First, they have to prove that Mr. Miller possessed a certain substance. Second, that the substance was cocaine. And third, that Mr. Miller had knowledge of the presence of the substance.
A written copy of the instructions was provided to the jury for its deliberations. The jury convicted Miller of possession of cocaine, along with other charges. He appeals only his conviction for possession of cocaine.
In 2002, the Florida Legislature enacted section 893.101, Florida Statutes, which expressly provides that knowledge of the illicit nature of a controlled substance is not an element of any offense under chapter 893. The statute superseded Chicone v. State, 684 So. 2d 736 (Fla. 1996), which had held that the state was required to prove a fourth element of the offense, namely that the defendant knew of the illicit nature of the substance. See Barrientos v. State, 1 So. 3d 1209, 1216 (Fla. 2d DCA 2009). Section 893.101, Florida Statutes, thus makes possession of a controlled substance a general intent crime and provides that lack of knowledge of the illicit nature of a controlled substance is an affirmative defense. See Wright v. State, 920 So. 2d 21, 24 (Fla. 4th DCA 2005).
To prove a cocaine possession charge, the state must prove that the defendant knew that he possessed a substance, which was in fact cocaine, but the state does not have to prove that the defendant knew it was cocaine. See Fla. Std. Jury Instr. (Crim.) 25.7. Instead, the defendant may raise by affirmative defense the claim that he did not know the substance was cocaine. See Burnette v. State, 901 So. 2d 925, 927 (Fla. 2d DCA 2005). The affirmative defense does not require that the defendant offer evidence that he did not know that the possession of cocaine was illegal.[1]

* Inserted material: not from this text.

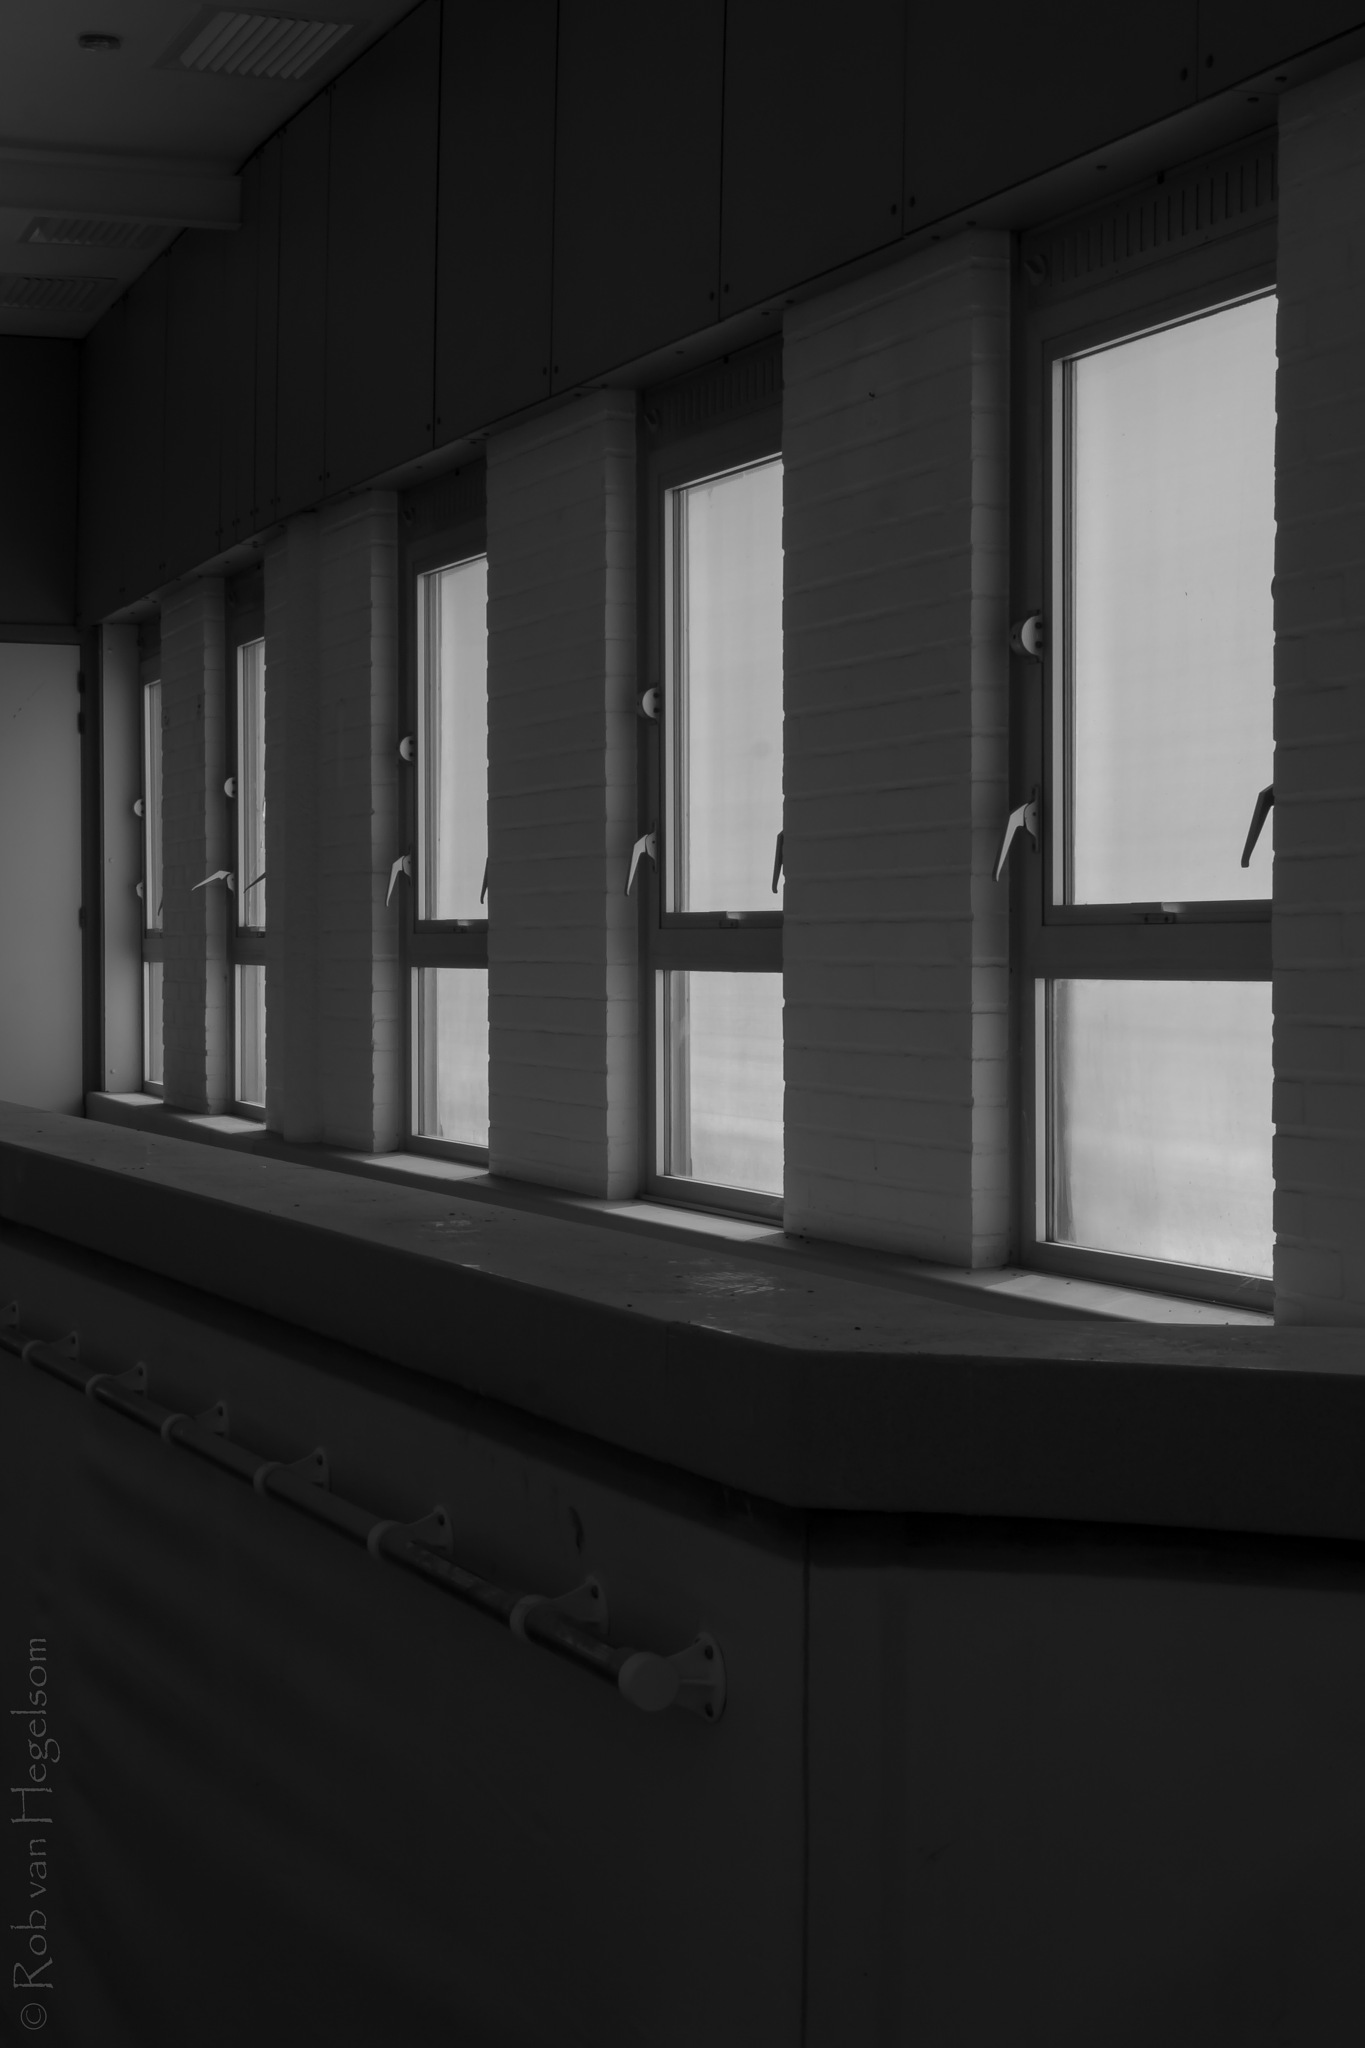 5 Windows by rvanhegelsom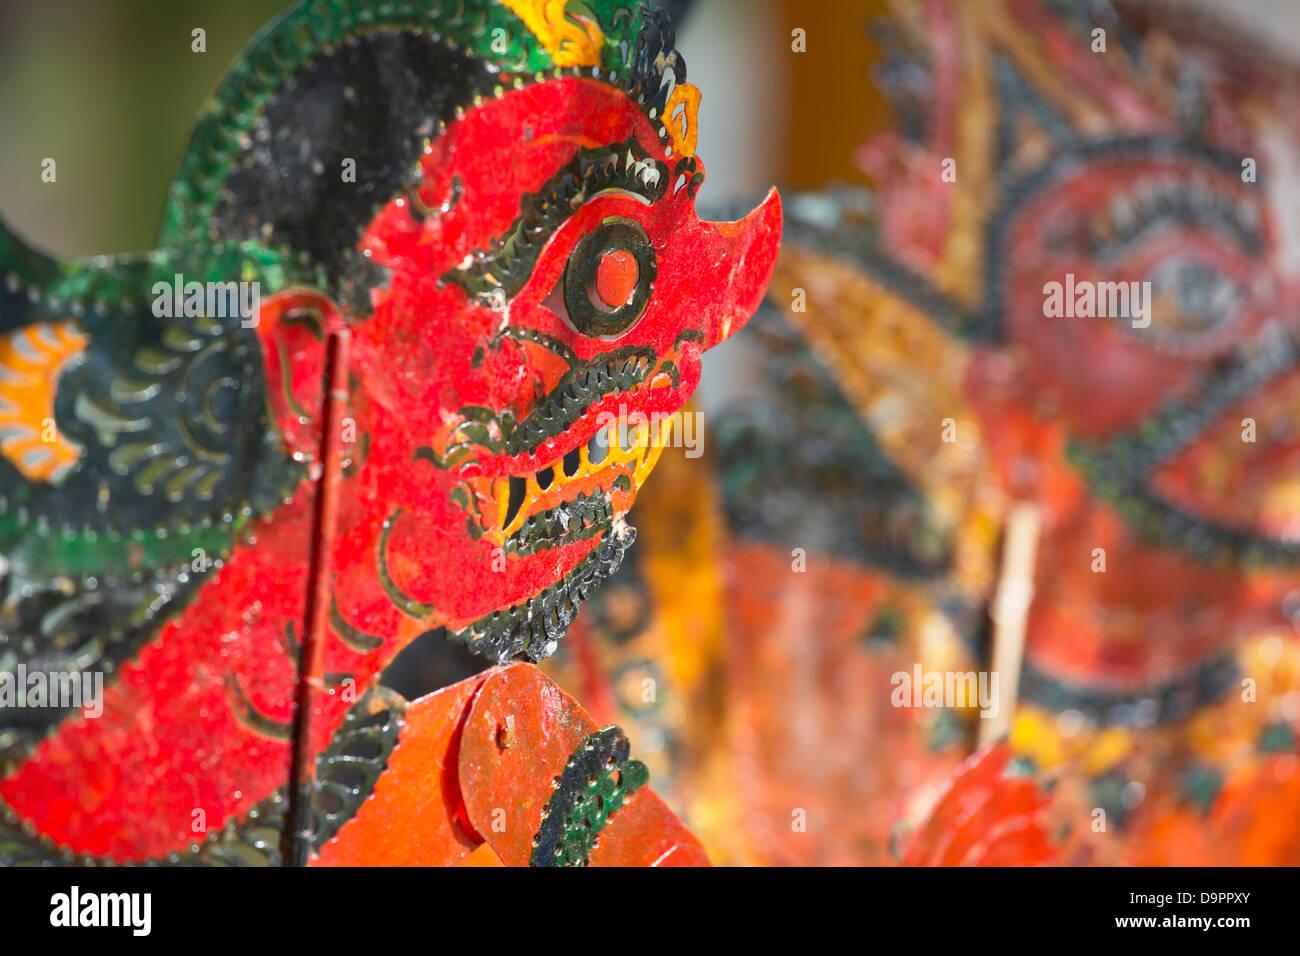 Malaysian shadow puppets, Kota Bharu, Kelantan, Malaysia - Stock Image

In this case, Miller presented at least some evidence in support of this affirmative defense. He testified that he did not know there was cocaine in the glass pipe. "A criminal defendant is entitled to have the jury instructed on the law applicable to his or her theory of defense where there is any evidence to support it, no matter how weak or flimsy." Gregory v. State, 937 So. 2d 180, 182 (Fla. 4th DCA 2006) (emphasis in original); Bozeman v. State, 714 So. 2d 570 (Fla. 1st DCA 1998). Thus, the trial court should have given the requested instruction on the affirmative defense of lack of knowledge of the illicit nature of the substance. Because the trial *164 court failed to properly instruct the jury, we reverse.
TAYLOR and MAY, JJ., concur.
[1] As is so often incanted, ignorance of the law is not an excuse. See, e.g., Davis v. State, 928 So. 2d 442, 448 (Fla. 5th DCA 2006).